Copy the `.ltx` and `.pdf` files you have created into the root of the
`error_recovery_paper` directory and execute `make` (if on *BSD, you will need
to use `gmake`). This will build a file `error_recovery.pdf` which should be a
version of the paper with your data in.

## A brief guide to the source code

The experiment downloads the
[grmtools](https://github.com/softdevteam/grmtools/) library, checks out a
fixed version of it, and then builds several variants of a Java parser (the
`runner/java_parser_*` executables).

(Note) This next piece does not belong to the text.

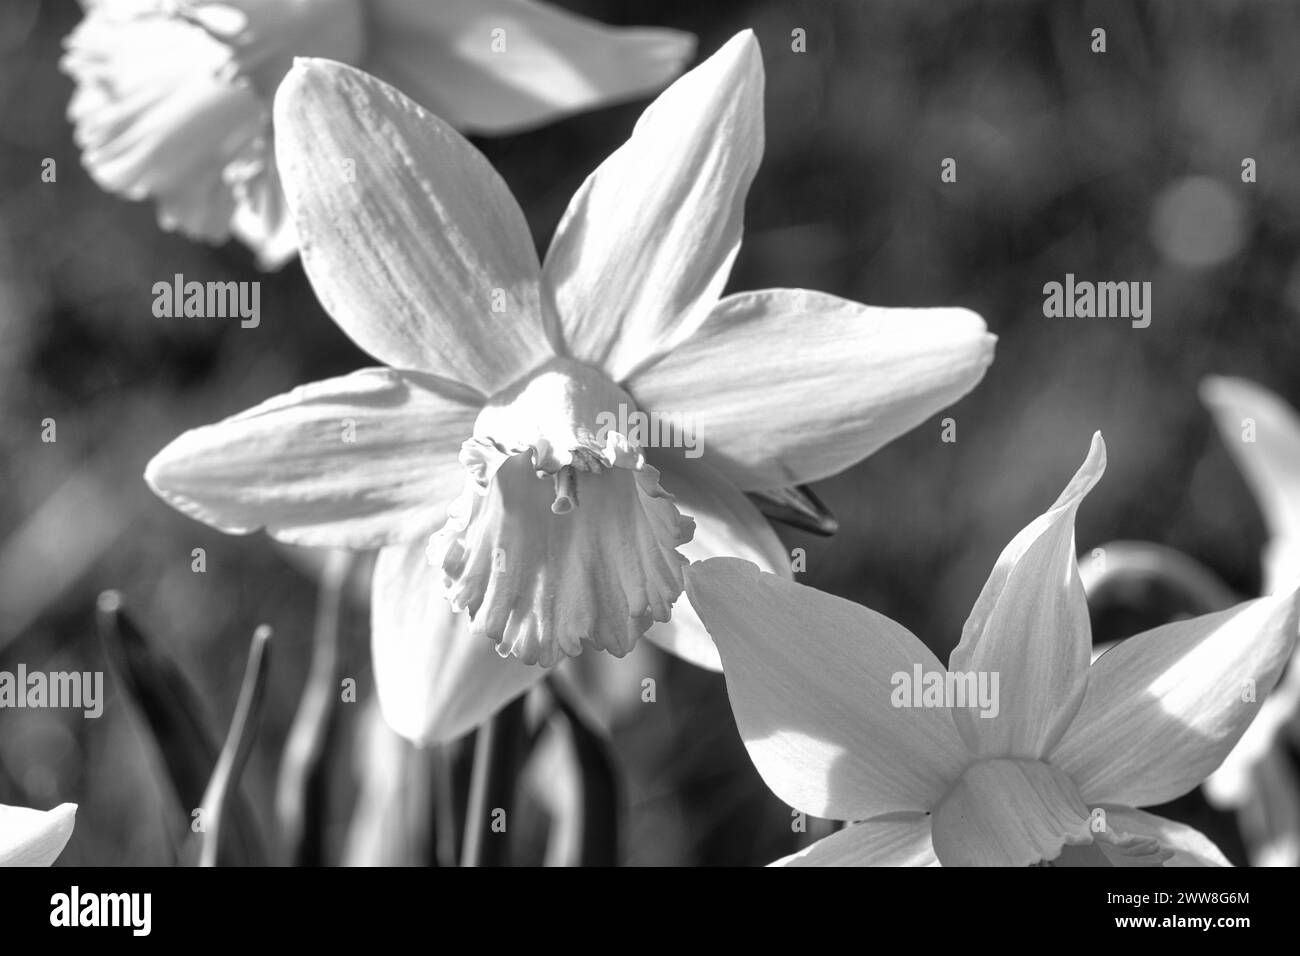 Narzissen auf einer schwarz-weißen Wiese zur Osterzeit. Blumen leuchten. Frühe Blüten, die die Ankunft des Frühlings ankündigen. Pflanzen fotographieren Stockfoto
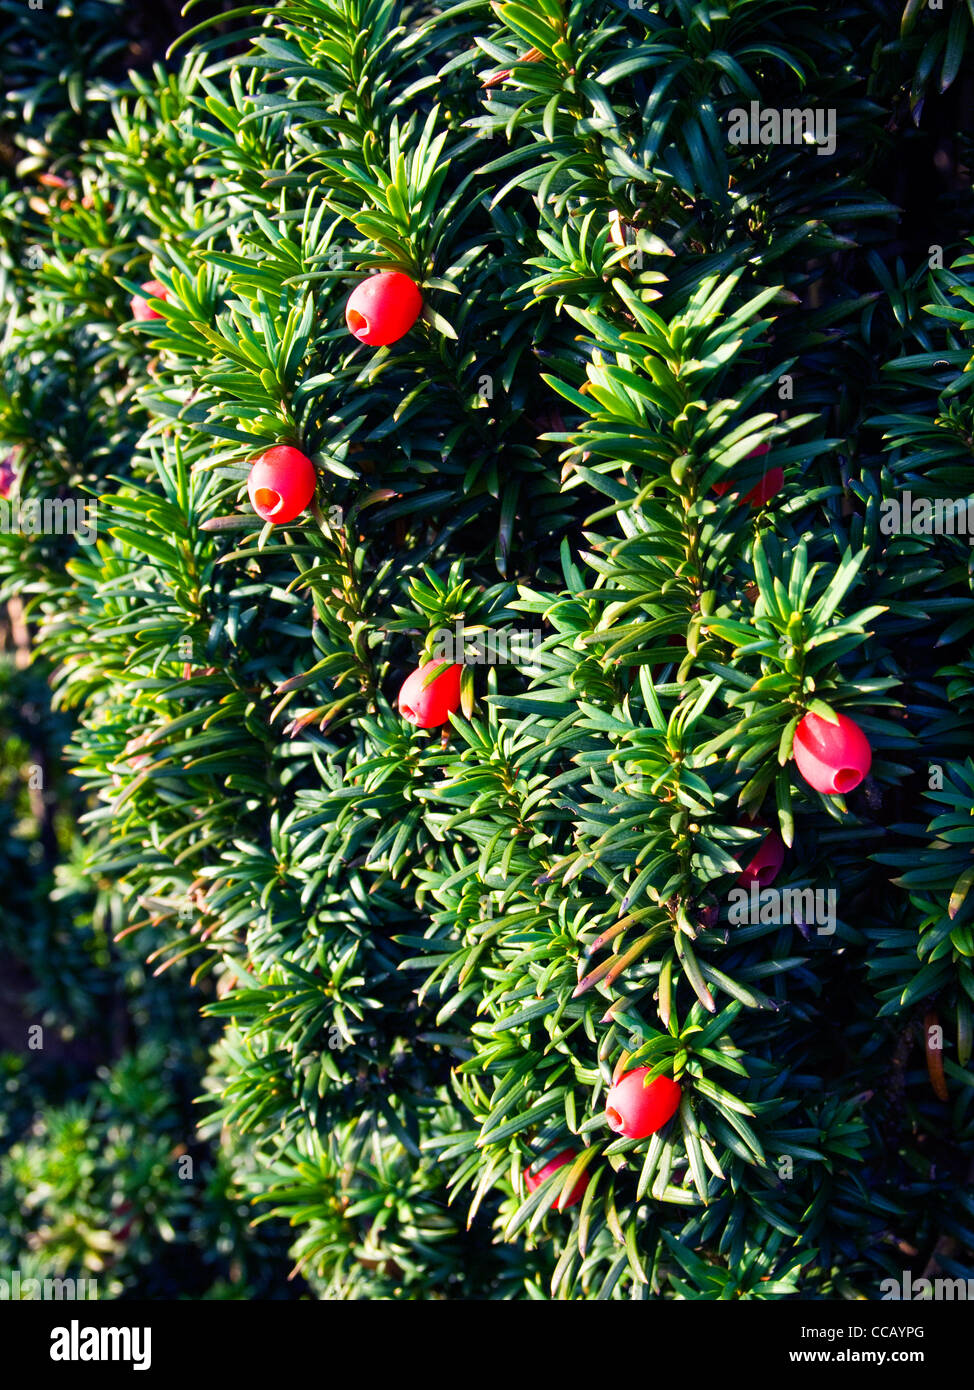 Red berries of the Irish Yew tree Stock Photo

It does this by repeatedly patching
grmtools and the Java parser, clearing any existing build, and then rebuilding
the Java parser. `runner/build.sh` shows which patches are used for each
variant.

The source code for the Java parser can be found in `runner/java_parser`: in
essence, it is a thin wrapper around the Java grammar which reports some simple
statistics.

For more information on grmtools itself, the best starting point is the
[grmtools book](https://softdevteam.github.io/grmtools/master/book/) and/or the
API documentation (this is split into sub-libraries, though the [lrpar
API](https://docs.rs/lrpar/0.6.2/lrpar/) is probably the most relevant).

The bulk of the error recovery code itself can be found in
`runner/grmtools/lrpar/src/lib/cpctplus.rs` although some of the helper
functions are in `runner/grmtools/lrpar/src/lib/mf.rs`. Both files are fairly
heavily commented to help you match them up against the paper.